EDIT: Actually, you can't use the surface as a calculation starting point because it is not a proper inertial frame. The center of the Earth is still the correct inertial frame since the surface clock is still moving. The Earth is moving as well but that does not apply until you make the Sun the inertial frame.

http://hyperphysics.phy-astr.gsu.edu/hbase/relativ/airtim.html

 

[bwanaaa]

yes I actually came across that reference before my third post and the sentence i do not understand is
"The problem encountered with measuring the difference between a surface clock and one on an aircraft is that neither location is really an inertial frame. If we take the center of the earth as an approximation to an inertial frame, then we can compute the difference between a surface clock and the aircraft clock. "

The need to establish a third frame of reference-the center of the earth-is confusing. Why is neither the surface clock's nor the airborne clock's frame of reference valid? Because the earth's surface is moving? But that's a major point of the einstein equivalence principle-that moving frames of reference have the same physics.

I understand the equation for the time difference calculation:
Ta-Ts=To[(2Rwv+v^2)/2c^2]
where Ta is airborne time, Ts is surface time, To is center of the earth time
R is earth radius, w is earth angular velocity, v is plane velocity, c is light speed
And then they go on to use the following approximation:
Ta-Ts=-Ts[(2Rwv+v^2)/2c^2]
The difference being they use surface time instead of center of the earth time. They state:
Note that the "earth center" time has been replaced by the surface time in this expression. This is a valid approximation in this case since the time difference is many orders of magnitude smaller than the time itself, and this allows us to model the difference between two measurable times.

They do not explain why they introduce a negative sign. But I think they chose to do that to make time dilation a positive number. Still, how can they conclude by using Ts when they started the whole analysis saying that surface time was not a proper inertial frame?

And another confusing aspect of using the center of the earth as the reference frame is if you change the flight plan a little bit. Suppose the plane flies along a line of longitutude instead of latitude? Since v is orthogonal to earth angular velocity, is it measured as 0? A flight to south pole is the same as a flight to north pole in terms of time dilation? I wonder if that expt has been done?

 

[MrDudeMan]

yes but the earth clock is not at the core, it's on the surface. Anyway, the negative and positive signs do not make sense. Consider what this kind of result this analysis would give to a plane flying to the north pole from the equator? The earth's rotation should not be germane.

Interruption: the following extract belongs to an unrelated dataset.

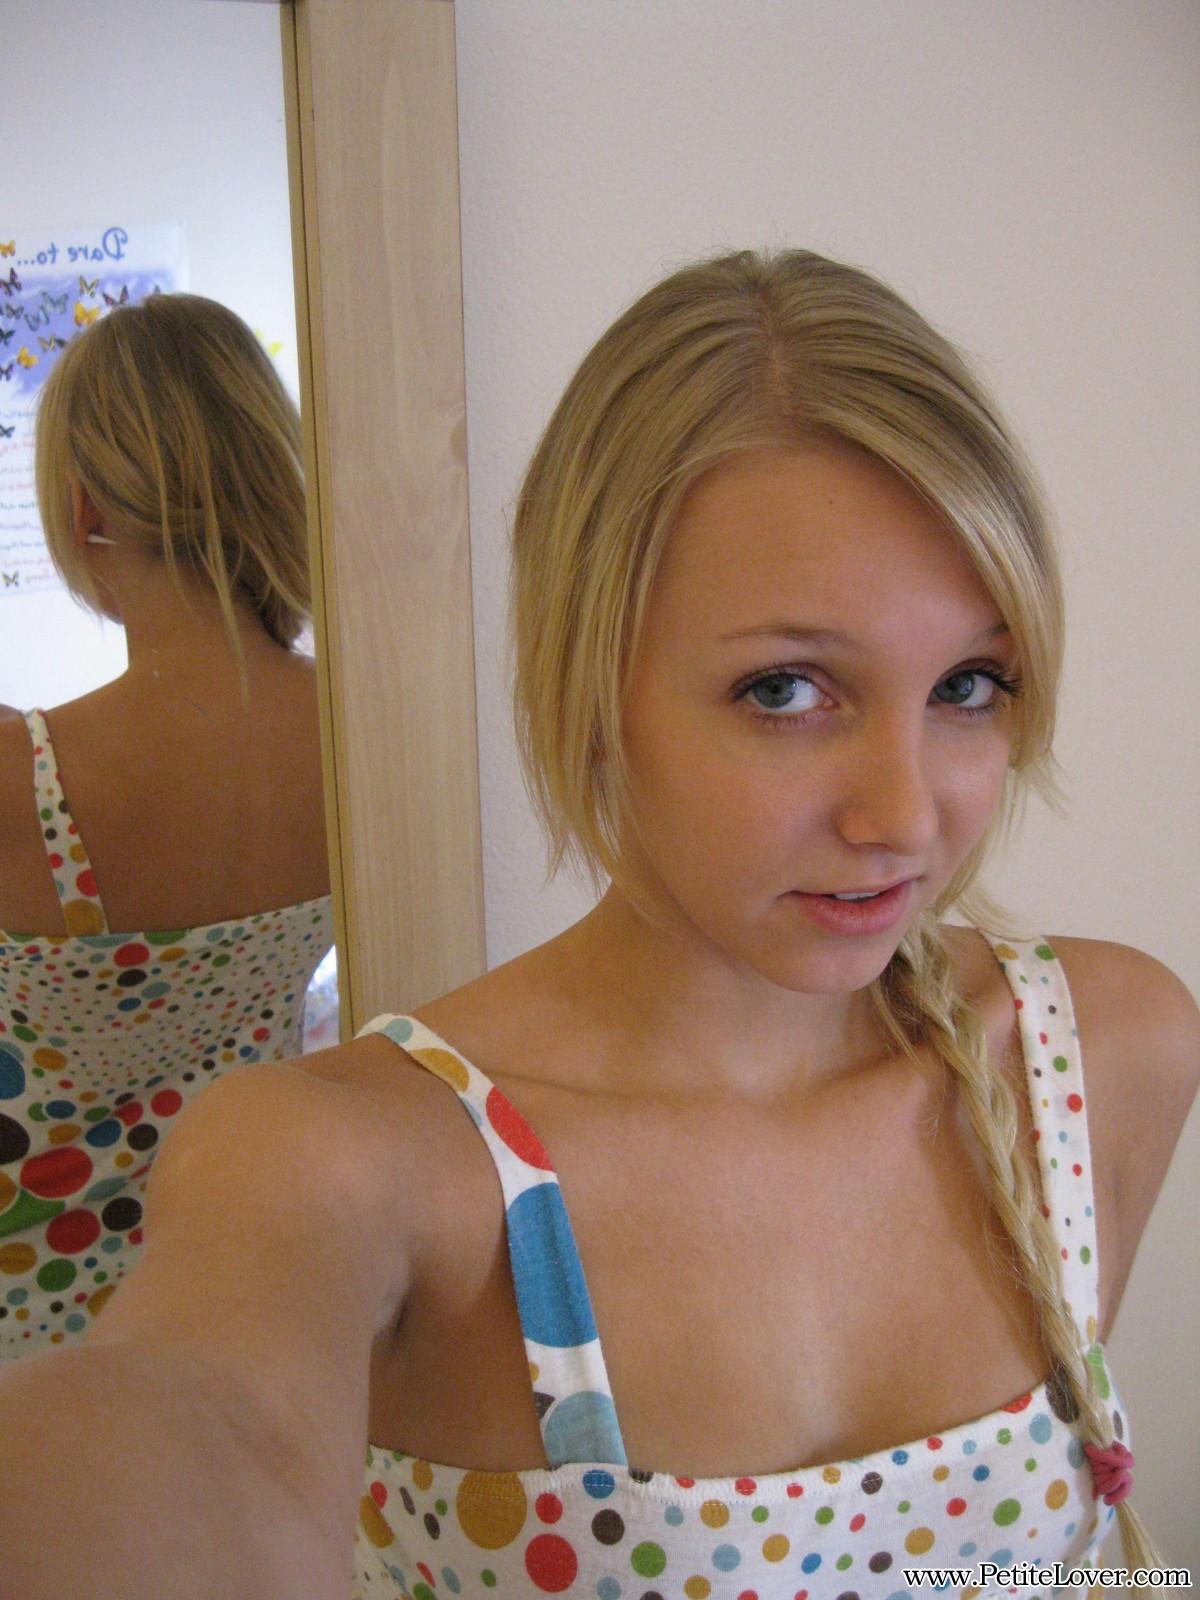 Petite jeune blonde, elle montre son cul sexy et ses seins naturels parfaits.
 #54160214

We are considering the aircraft velocity relative to a fixed point on the earth's surface. And the same kinematic time dilation should be found regardless of the direction the plane travels.


BTW, here is an article that refutes the H&K paper claiming they doctored the results
http://www.anti-relativity.com/hafelekeatingdebunk.htm

Signed deltas make perfect sense. A positive delta would be an increase in time relative to the static frame of reference and a negative sign would be decrease in time. The delta is relative to the length of a second in the static, or original, frame of reference.

 

[bwanaaa]

This article answers my question:

http://www.conspiracyoflight.com/Hafele/HafeleKeating.html

Apparently, the reference clock should be at the earth's pole to approximate an inertial frame of reference. This is as close as we can get to a 'true' inertial observer. They say:
"We first define our non-rotating inertial observer in stationary space, who is stationary with the CMBr.(cosmic microwave background)"

The sagnac effect and ring lasers are explained here:
http://www.ringlaser.org.nz/content/about_us.php

So it seems that correct calculations of special relativity require a 'true' inertial frame of reference, certainly not one that is spinning/rotating/revolving. But since everything in the universe is spinning, that's hard to come by. Even if you had ring lasers on your spaceship to make sure you were not spinning with respect to the CMBr, you still wouldnt have a 'true' inertial frame. Space is curved so even when you think you are going in a straight line, you are not- you are moving in a giant, gentle circle.